In addition to these cylindrical inclusions, fibrous masses (Fig. 3B) and cylindrical inclusions were seen in distinct cytoplasmic regions of the same cell or, more frequently, they were detected separately in different cells. Membranous structures (Fig. 3B) and the so-called fibrous masses which represent ordered virus aggregates (Fig. 3B) were found in cytoplasm regions containing large numbers of double membrane vesicles with electron-dense contents. Virus-like particles were scattered in the whole cytoplasm, closer to (Fig. 3A) or far from (Fig. 3C) cylindrical inclusions.

In naturally infected cells, some chloroplasts showed grana and thylacoidal stroma indistinguishable from each other, while others showed localized swelling of the thylacoids (Fig. 3A); the rough and smooth endoplasmic reticulum were also swollen (Fig. 3A, C); primary and secondary plasmodesmata appear to be altered (Fig. 4) and some of them were close to groups of double membrane vesicles (Fig. 4A), which could represent transversal sections of plasmatubule or paramural bodies. Three features could be observed in naturally infected leaf cells from C. bicolor: osmiophilic bodies, with or without crystals (Fig. 5A); amorphous X-bodies (complex inclusion) composed by globular and fibrous osmiophilic bodies (Fig. 5B); and an elongate structure surrounded by a unit membrane, which extends a long distance into the cytoplasm and contains reticulate and parallel internal organization (Figs. 5C, D).
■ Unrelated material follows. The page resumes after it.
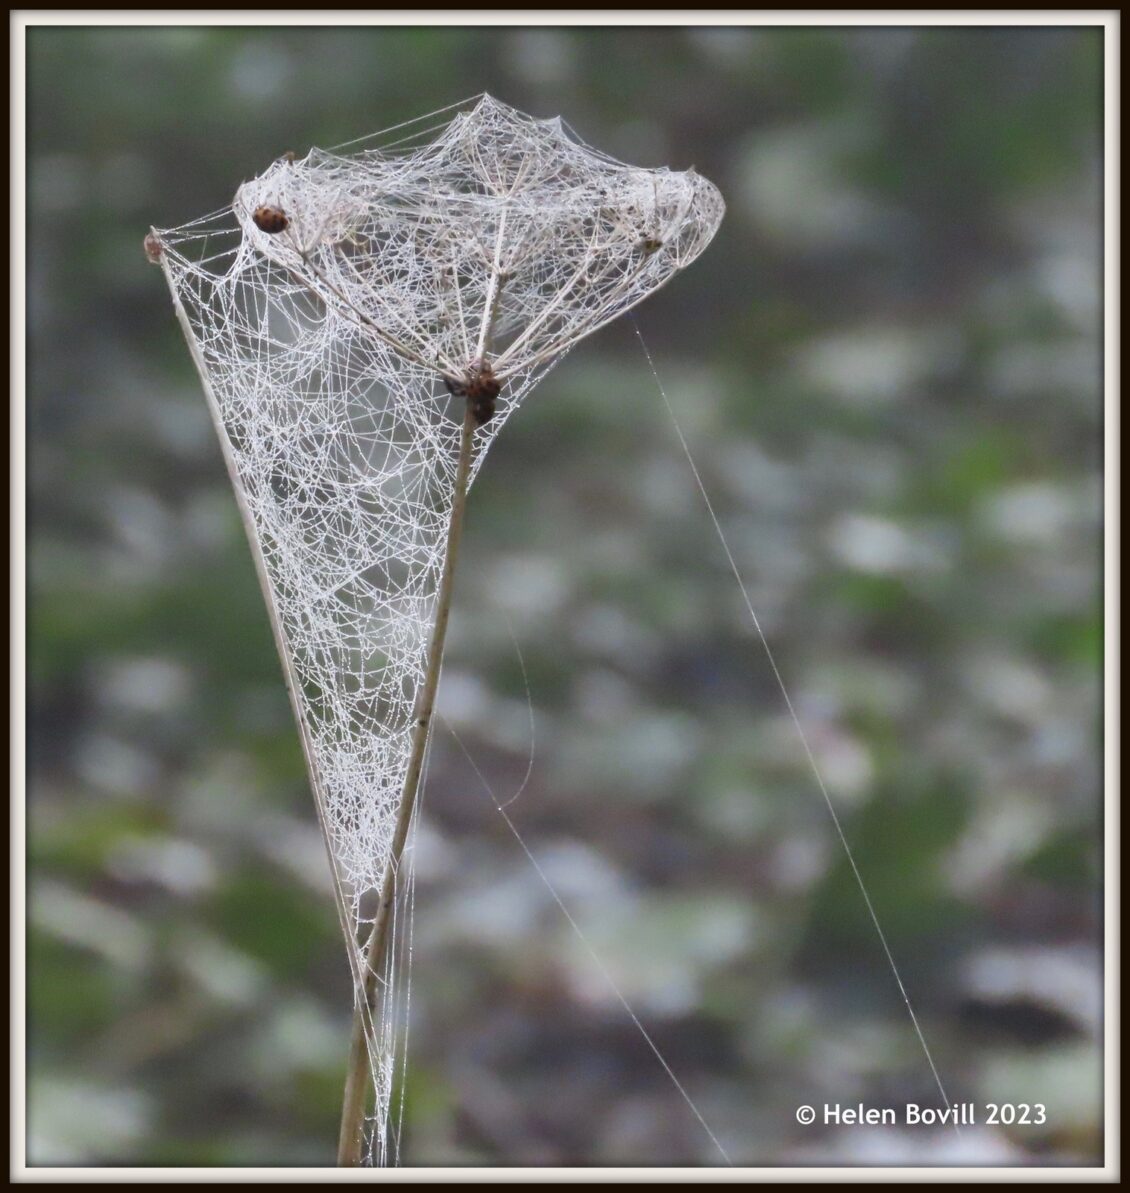 Cobwebs and dew on a Hogweed seed head
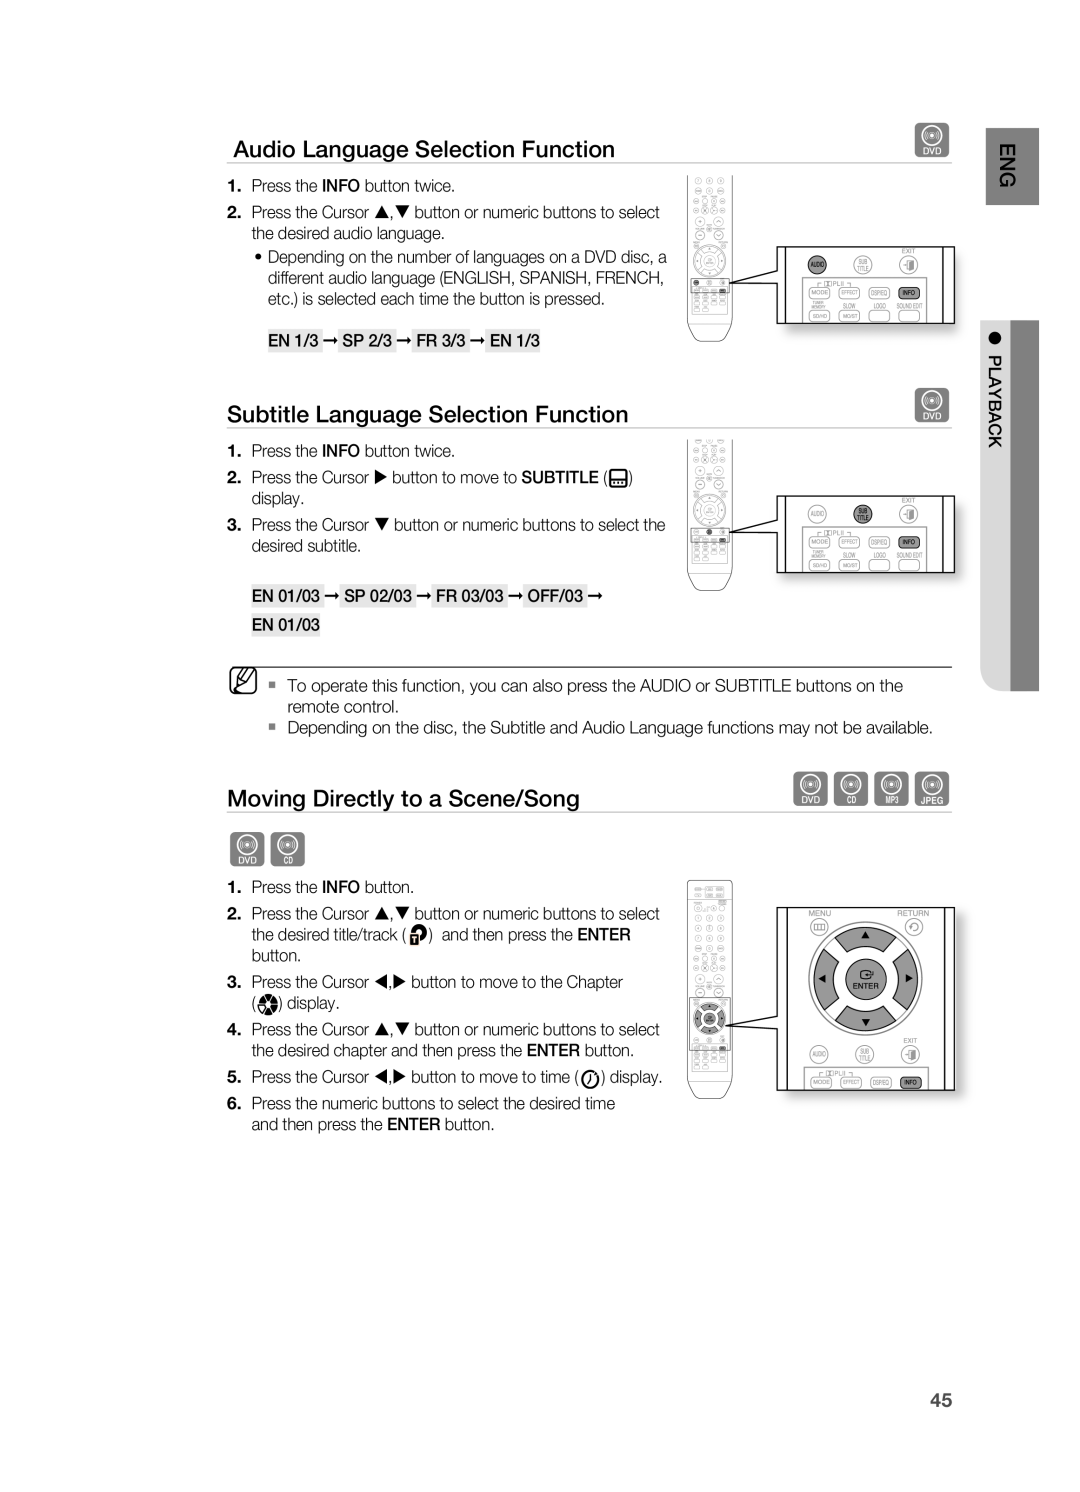 Samsung HT-TWZ415 user manual dBAG, Audio Language Selection Function, Subtitle Language Selection Function

Although these structures are present in infected cells, they may not be definitively associated with virus infection.

Fig. 1
Caladium bicolor, naturally infected by Dasheen mosaic virus and Caladium virus X, showing chlorotic spots and rings, and necrotic rings.

Fig. 2
Gomphrena globosa, experimentally infected by Caladium virus X, showing necrotic, red halo-surrounded spots 14 day after inoculation.

Fig. 3
Thin sections of palisade cells of Caladium bicolor naturally infected by DsMV and CalVX. A- Transversally (T) and longitudinally (L) cylindrical inclusions, close to organelles and virus-like particles (P) in the cytoplasm containing, in sections. B- Fibrous mass (Fm) in a cytoplasmic region rich in double membrane vesicles (Vd) and membranous tubules (Mt). C- Viruslike particles scattered in the cytoplasm showing intumescent endoplasmic reticulum (Er); vesicles with double membrane (Vd) can be observed between cytoplasmatic membrane and cell wall. Ch- chloroplast, O- osmiophilic globule, Pe- peroxisome, Rerough endoplasmic reticulum, Ve- vesicles with electron-dense contents, W- cell wall. Bars = 200 nm.

Fig. 4
Plasmodesmata between Caladium bicolor infected mesophyll cells. A- Plasmodesmata with protruding plasmatubules (Pt); vesicles with double membrane or desmotubules in transversal sections (Vd). B- Dilated plasmadesmata containing electron-dense globules (G) in which desmotubules could be occasionally observed. W- cell wall. Bars = 200 nm.

Fig. 5
Unusual aspects observed in Caladium bicolor cytoplasm mesophyll cells. A- Rounded osmiophilic bodies imersed in electron-dense mass, containing or not crystalline inclusion (CI). Bar = 1470 nm. B- Amorphous X-bodies composed by granular (Go) and fibrous (Fo) osmiophilic bodies. C- Elongated structure (Es) close to organelles: chloroplast (Ch), dictyosome (D), mitochondrion (M), and peroxisome containing a crystal (Cr). D- Detail of the elongated structure showing its regular internal organization with reticulate (R) and parallel (Pa) array; note a membrane surrounding the structure (arrow-head). Bars = 200 nm.

Fig. 6
Electron-dense, crystalline inclusions (I), apparently involved by a membrane (arrowhead) in mesophyll cells of Gomphrena globosa infected by CalVX. A- Inclusion probably located in a protruding cytoplasm in the nucleus (N). B- Inclusion in the cytoplasm. Ch- chloroplast. W- cell wall. Bars = 500 nm.

Fig. 7
Mesophyll cells of CalVX infected Gomphrena globosa. A- Vesicles (Vg) with granular contents in the cytoplasm close to cell wall. B- Vesicular bodies (Vb) and filamentous bodies (Fb) between cytoplasmic membrane and cell wall. D- dictyosome, N- nucleus, W- cell wall. Bars = 600 nm.

Fig. 8
Light microscope micrography of paradermal sections of Gomphrena globosa infected by CalVX. A- Granular and dense region (I) of cytoplasm stained with Calcomine orange - Luxol brilliant green. B- Detail of delimited area in A. C-Banded inclusion (I) imersed in granular and dense region (Rd) of cytoplasm stained with Azure A. N- nucleus, Pl- plastids. Bars = 10 µm.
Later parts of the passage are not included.